FakeID is an OpenID server that gives you control over your online identity. With your existing OpenID account, you can use FakeID to create unique online identities. Think of it as an OpenID proxy. Anyway, I just finished it, which means it may be a bit buggy, but so far everything seems to work.

OpenLocker

Sunday, February 4th, 2007

OpenLocker.gif

Finally, OpenLocker (formerly PLW Locker) is ready after some months in development. OpenLocker is a multi-functional web application that serves as an OpenID server, and a personal homepage.
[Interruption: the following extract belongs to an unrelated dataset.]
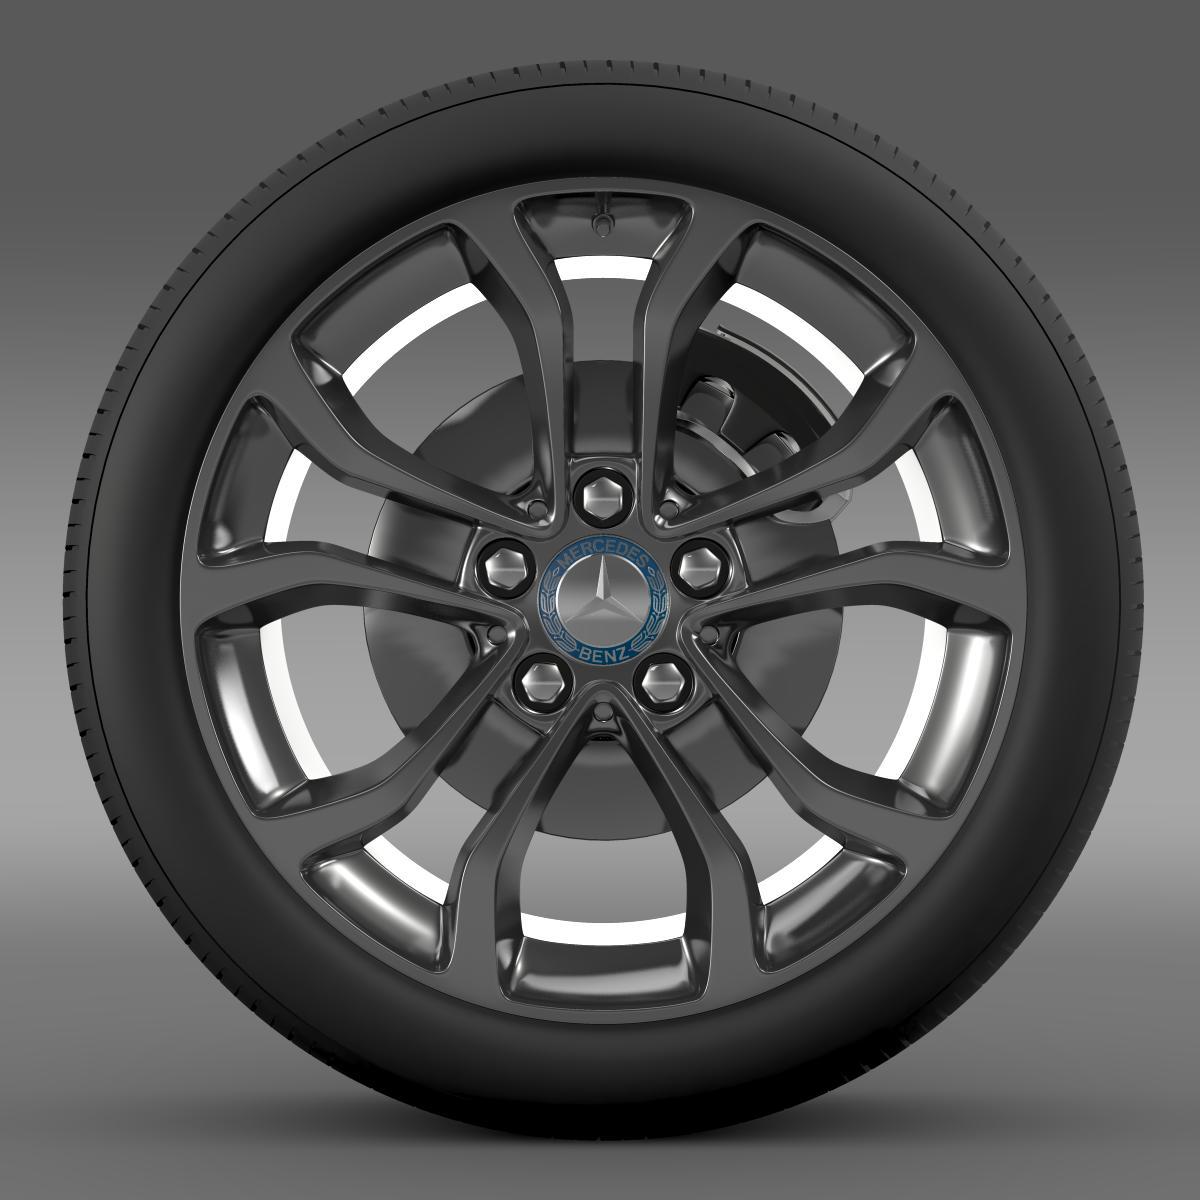 mercedes benz c 220 wheel 3d model 3ds max fbx c4d lwo ma mb hrc xsi obj 210757

As an OpenID server, OpenLocker differs from other OpenID authentication servers and attempts to preserve user privacy by using a locker metaphor. The OpenID specs specify only that an OpenID URI be unique to a specific user, but does not specify any authentication method. Usually, an OpenID server manages user accounts like any other web application: with a username (which corresponds to a unique URI) and an alpha-numeric password. Because of this, this method of using OpenID still suffers from security/privacy issues that exist in other username/password systems. OpenLocker uses a geographic locker location (which is unique) as the username and an emulated combination lock as the password.

Beyond its use as an OpenID server, user’s identity URL (connected as HTTPS, once logged in) will provide them with draggable modules, which are individual RSS aggregators. Users can pick from a collection of feeds (like OpenStudio and OpenCode) or enter any valid RSS/Atom URL to display content. This provides a page that can act as a user’s identity page as well as their homepage, where they can begin their daily Internet browsing.